Implement Durable Vector Database Provider Components for golem:vector WIT Interface #21

@jdegoes

Description

@jdegoes

I have attached to this ticket a WIT file that describes a generic interface for vector database operations. This interface can be implemented by various providers, either by emulating features not present in a given provider, utilizing the provider's native support for a feature, or indicating an error if a particular combination is not natively supported by a provider.

The intent of this WIT specification is to allow developers of WASM components (on wasmCloud, Spin, or Golem) to leverage vector database capabilities to build agents and services in a portable and provider-agnostic fashion.

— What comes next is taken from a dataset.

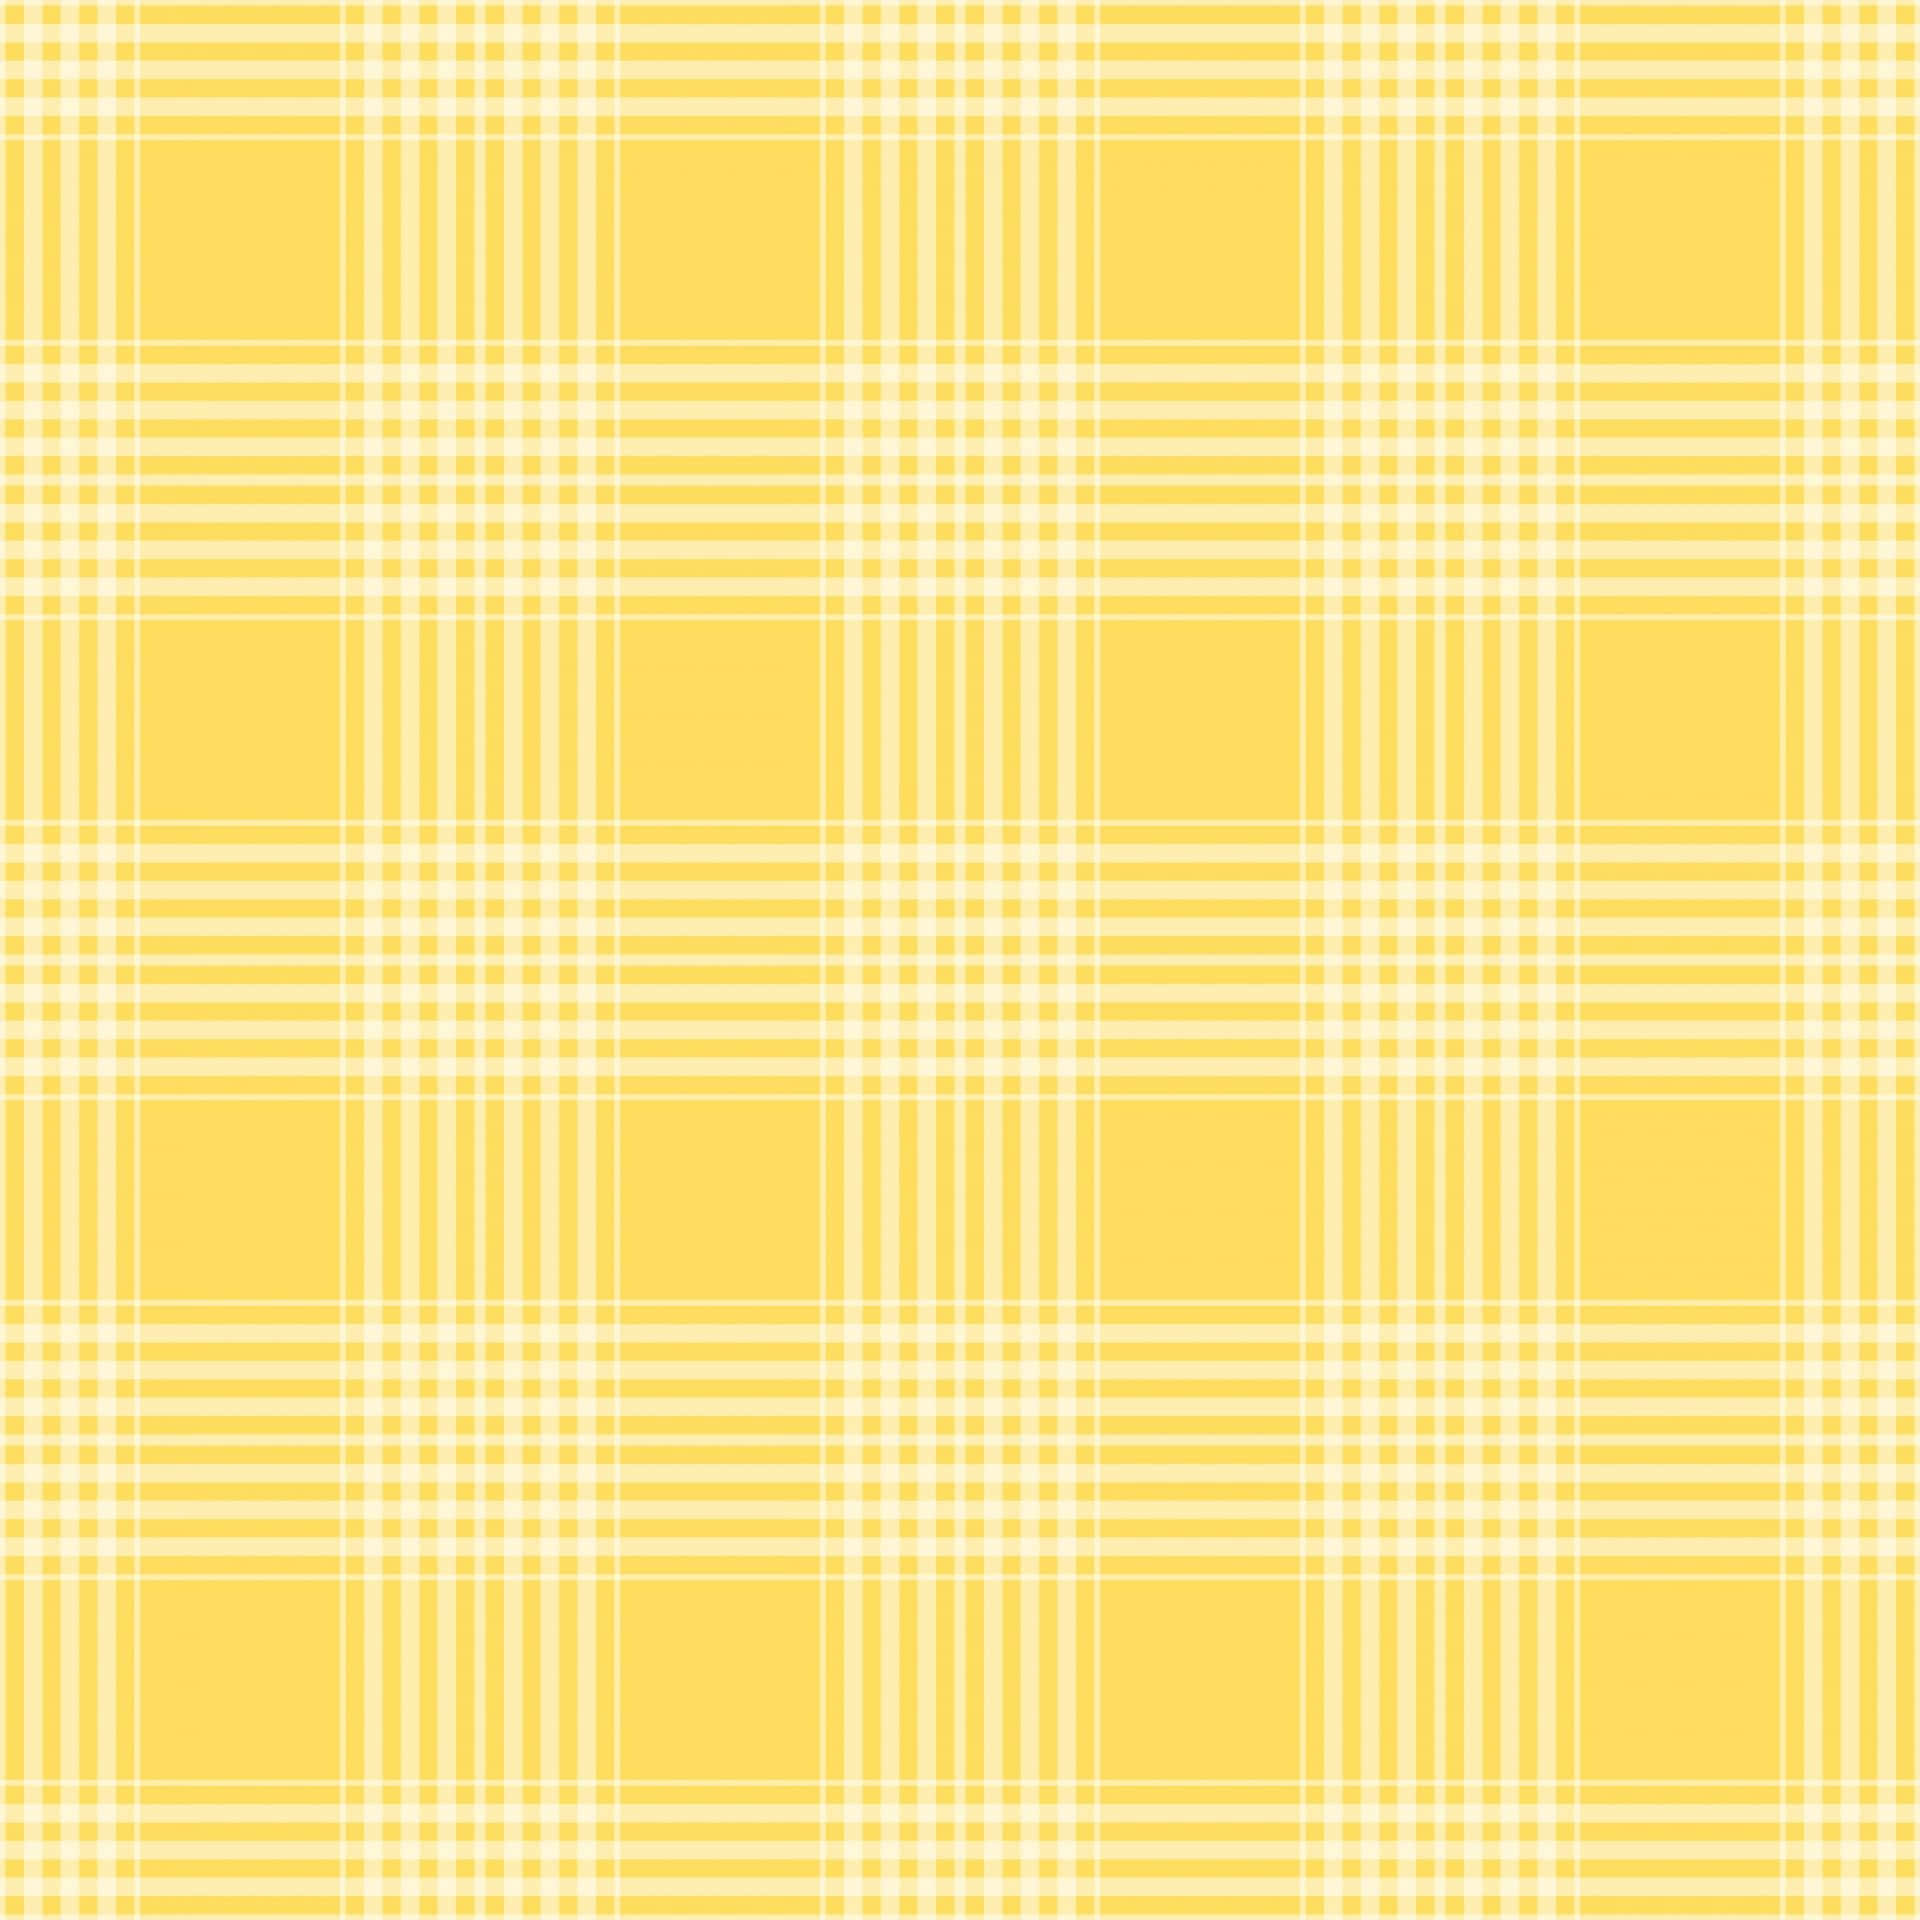 'Make a bold statement with Aesthetic Yellow Plaid!' Wallpaper

This ticket involves constructing implementations of this WIT interface for the following providers:

  • Qdrant: Offers advanced vector similarity search with support for sparse vectors, recommendations, and discovery operations.​
  • Pinecone: Provides managed vector database services with hybrid vector support and namespace organization.​
  • Milvus: Supplies enterprise-grade vector database with comprehensive data types and clustering capabilities.​
  • pgvector: Extends PostgreSQL with vector operations, binary vectors, and mathematical functions.​

These implementations must be written in Rust and compilable to WASM Components (WASI 0.23 only, since Golem does not yet support WASI 0.3). The standard Rust toolchain for WASM component development can be employed (see cargo component and the Rust examples of components in this and other Golem repositories).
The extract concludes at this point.